● **Task to complete**
Reproduce the line with "A Palestinian woman" and everything after it in the listing below, exactly, both ends included. No pictures.

━━━ Raw data

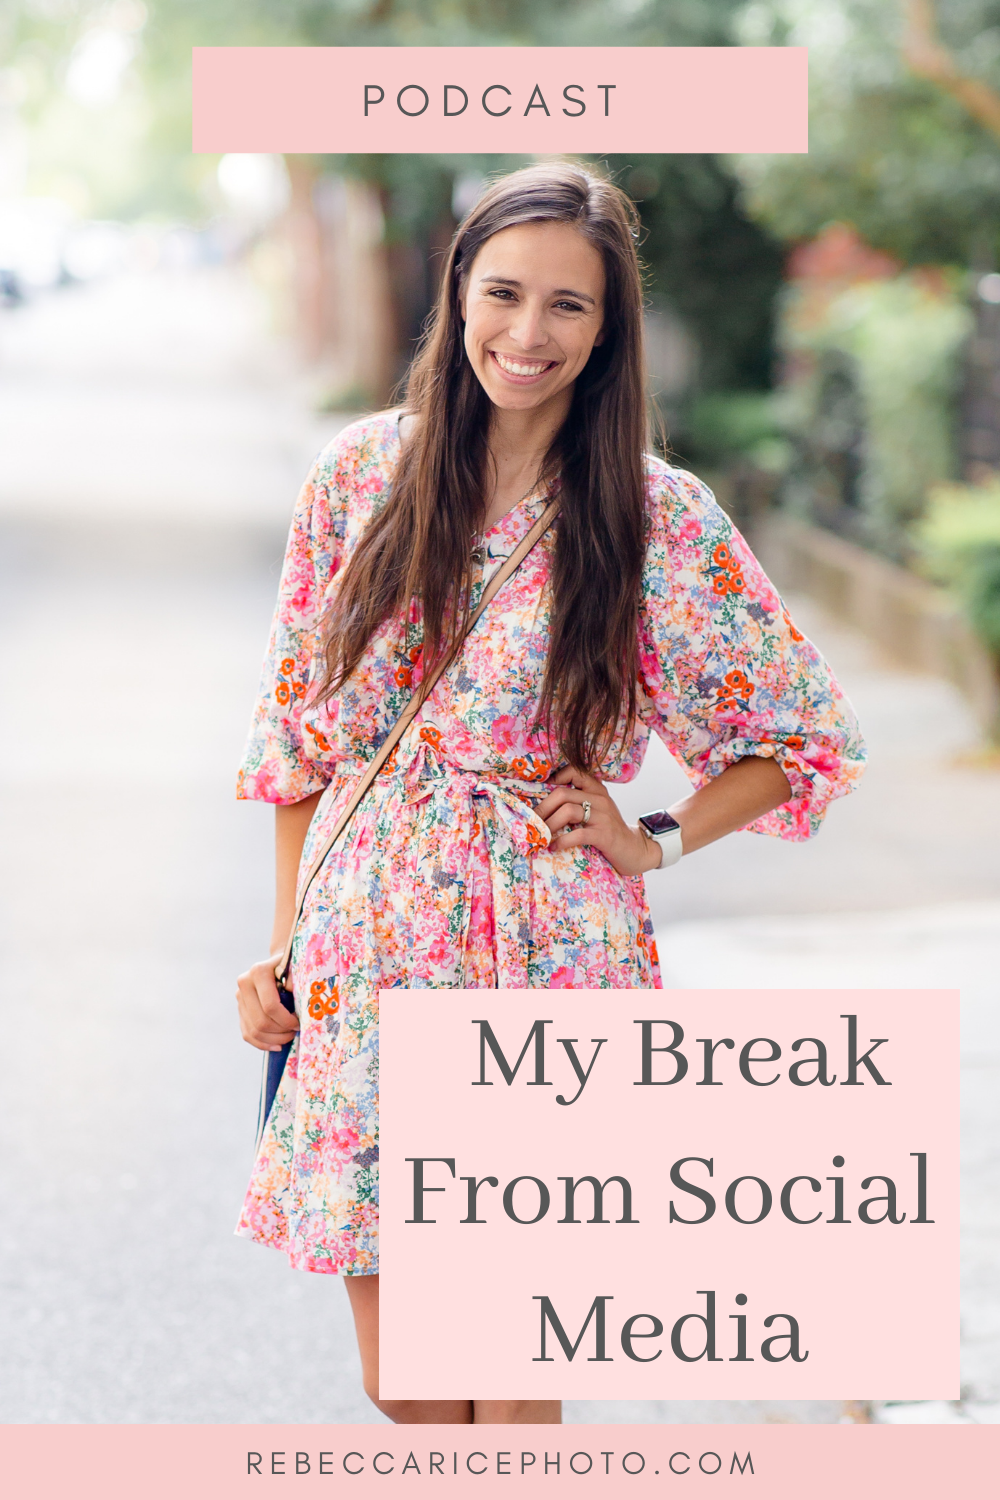 My Break From Social Media: Episode 35 of The Business Journey Podcast, Rebecca Rice shares about taking a break from social media
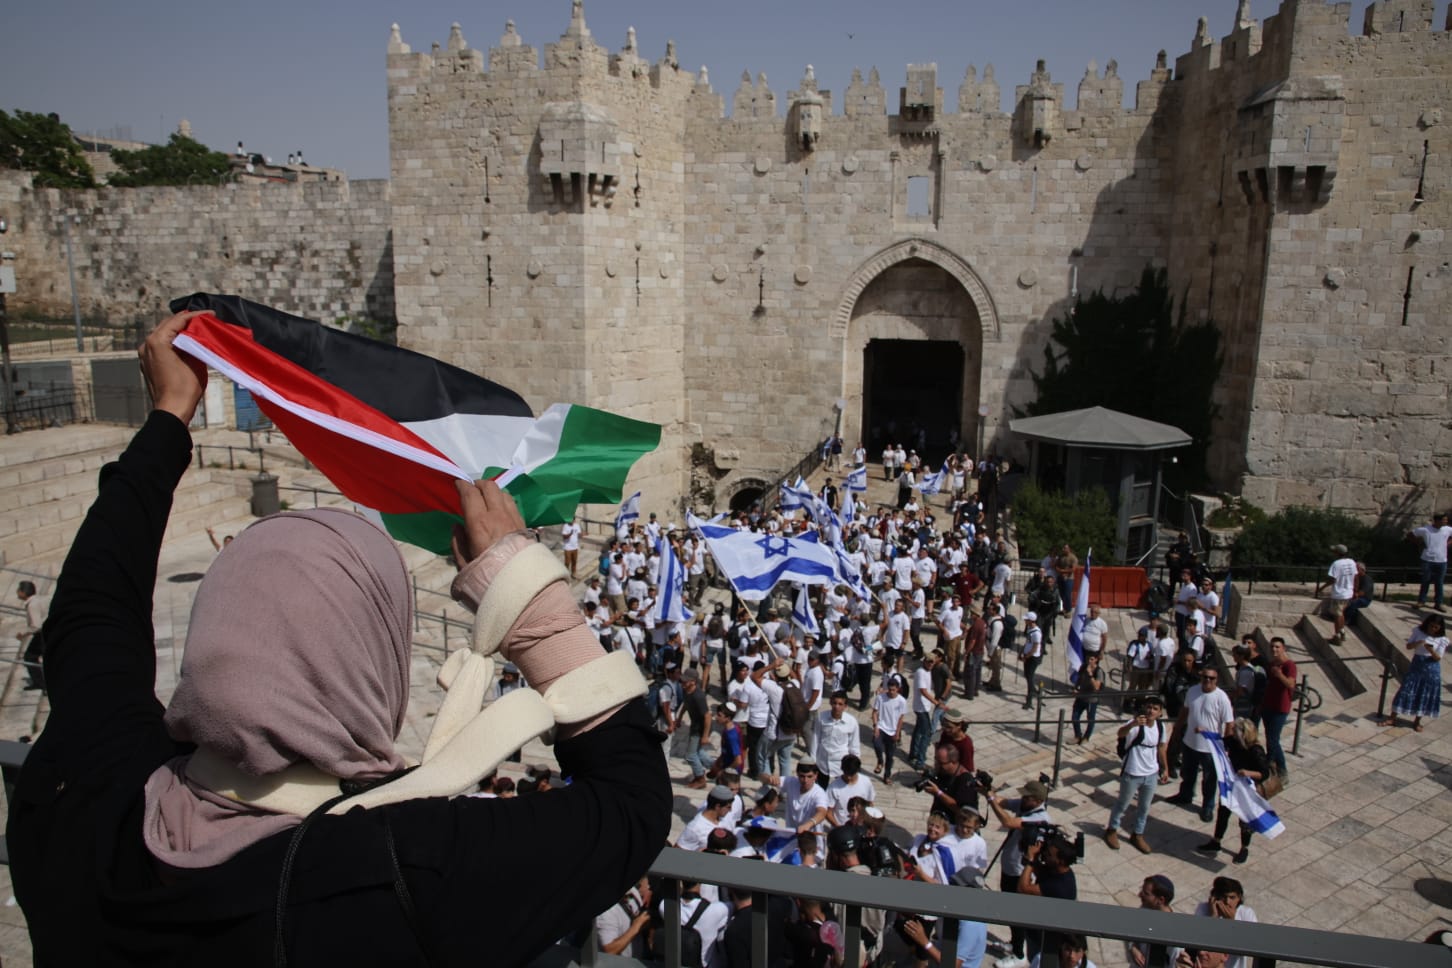 A Palestinian woman waves a flag in front of the Israeli Flag March on Jerusalem Day at Damascus Gate, Jerusalem, May 29, 2022. (Oren Ziv)
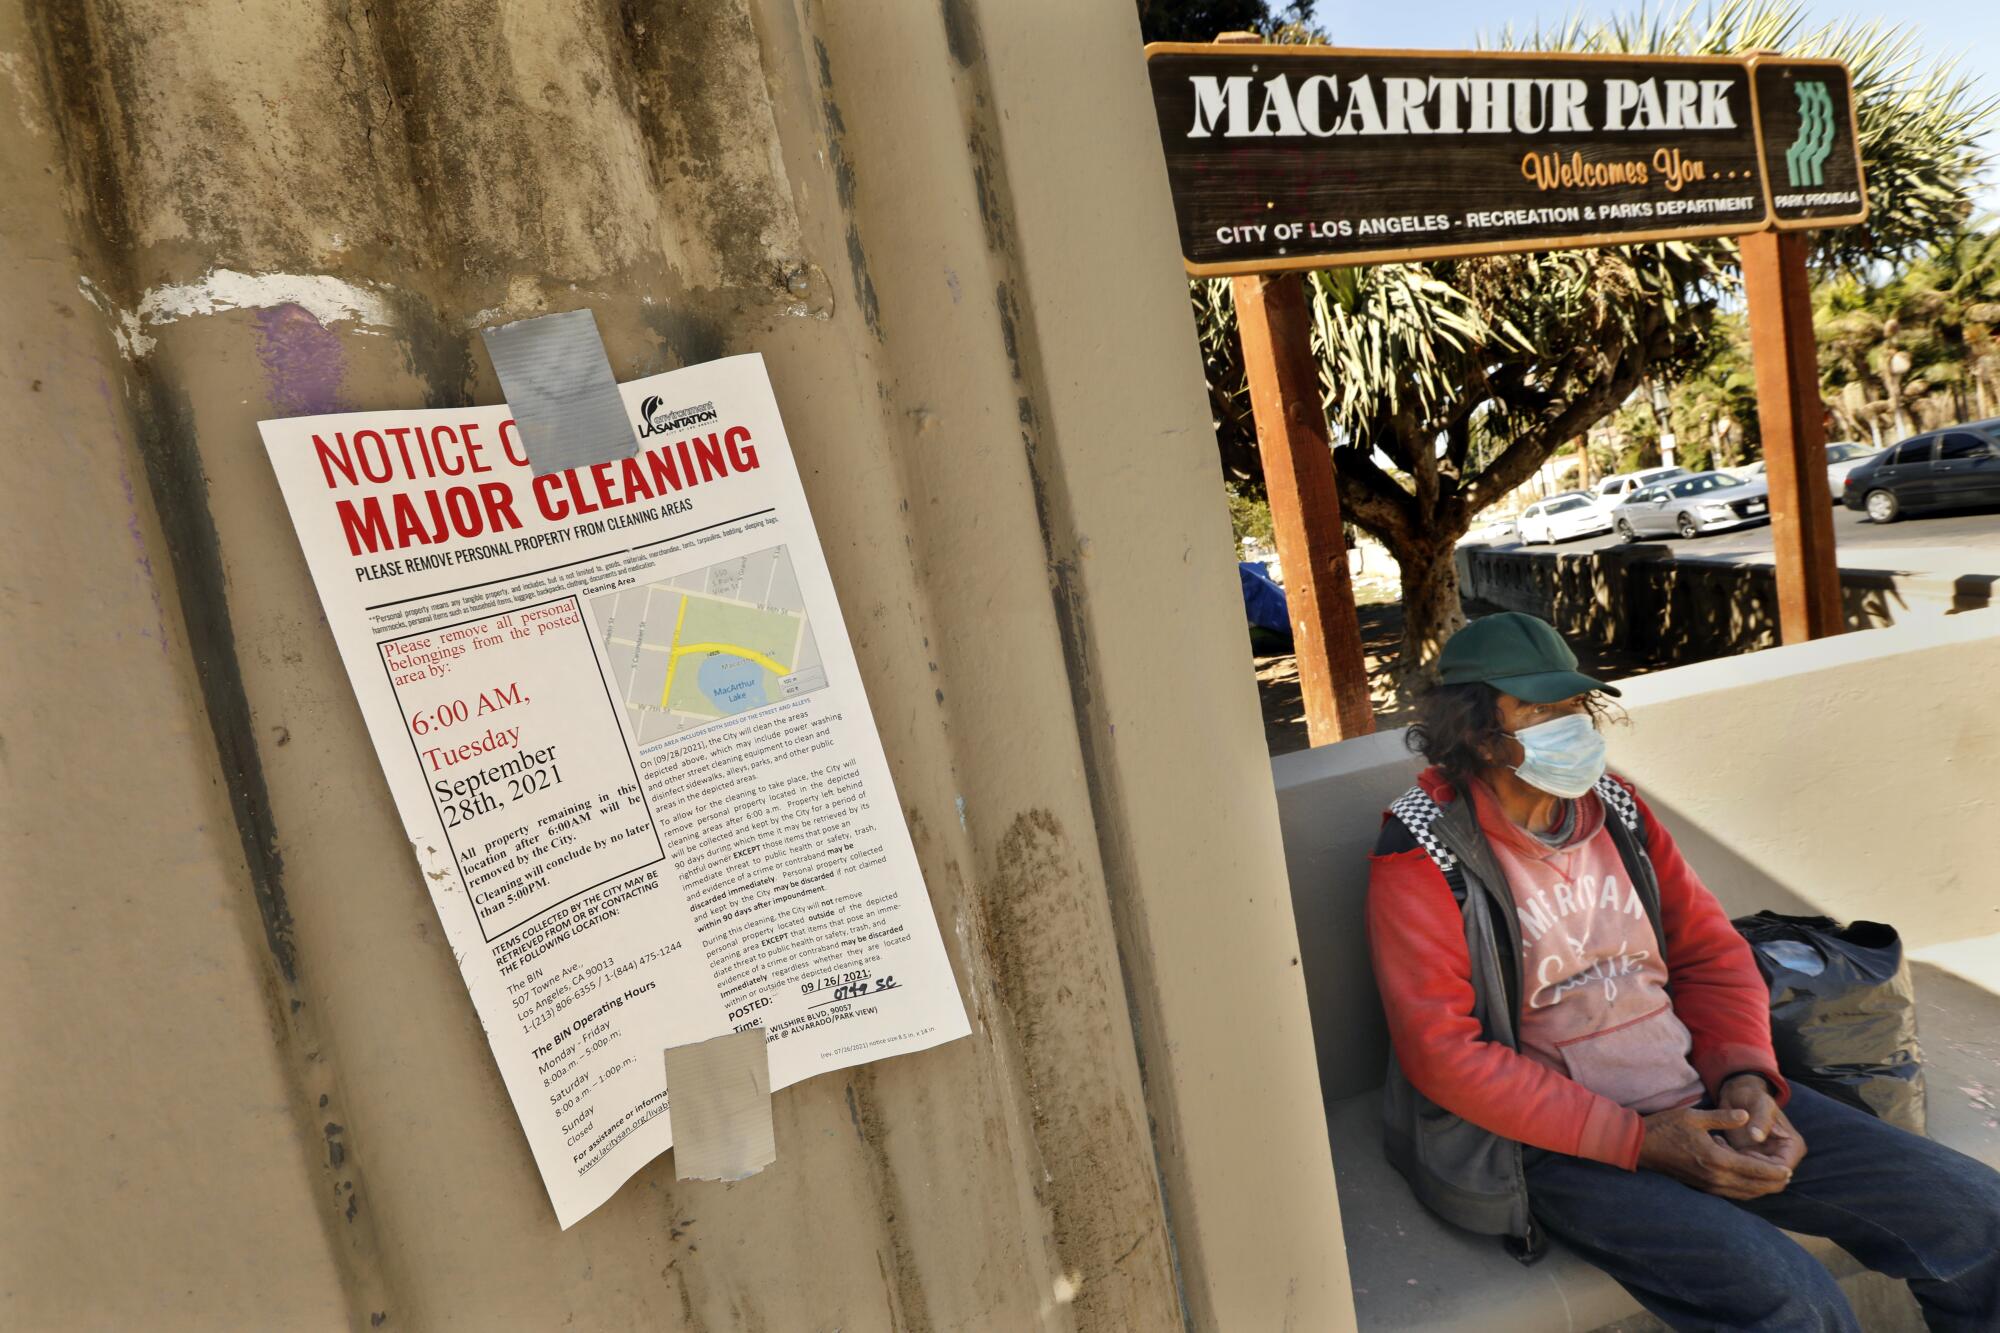 A masked person sits at MacArthur Park

━━━━━━

● **Exercise response**
 A Palestinian woman waves a flag in front of the Israeli Flag March on Jerusalem Day at Damascus Gate, Jerusalem, May 29, 2022. (Oren Ziv)
 A masked person sits at MacArthur Park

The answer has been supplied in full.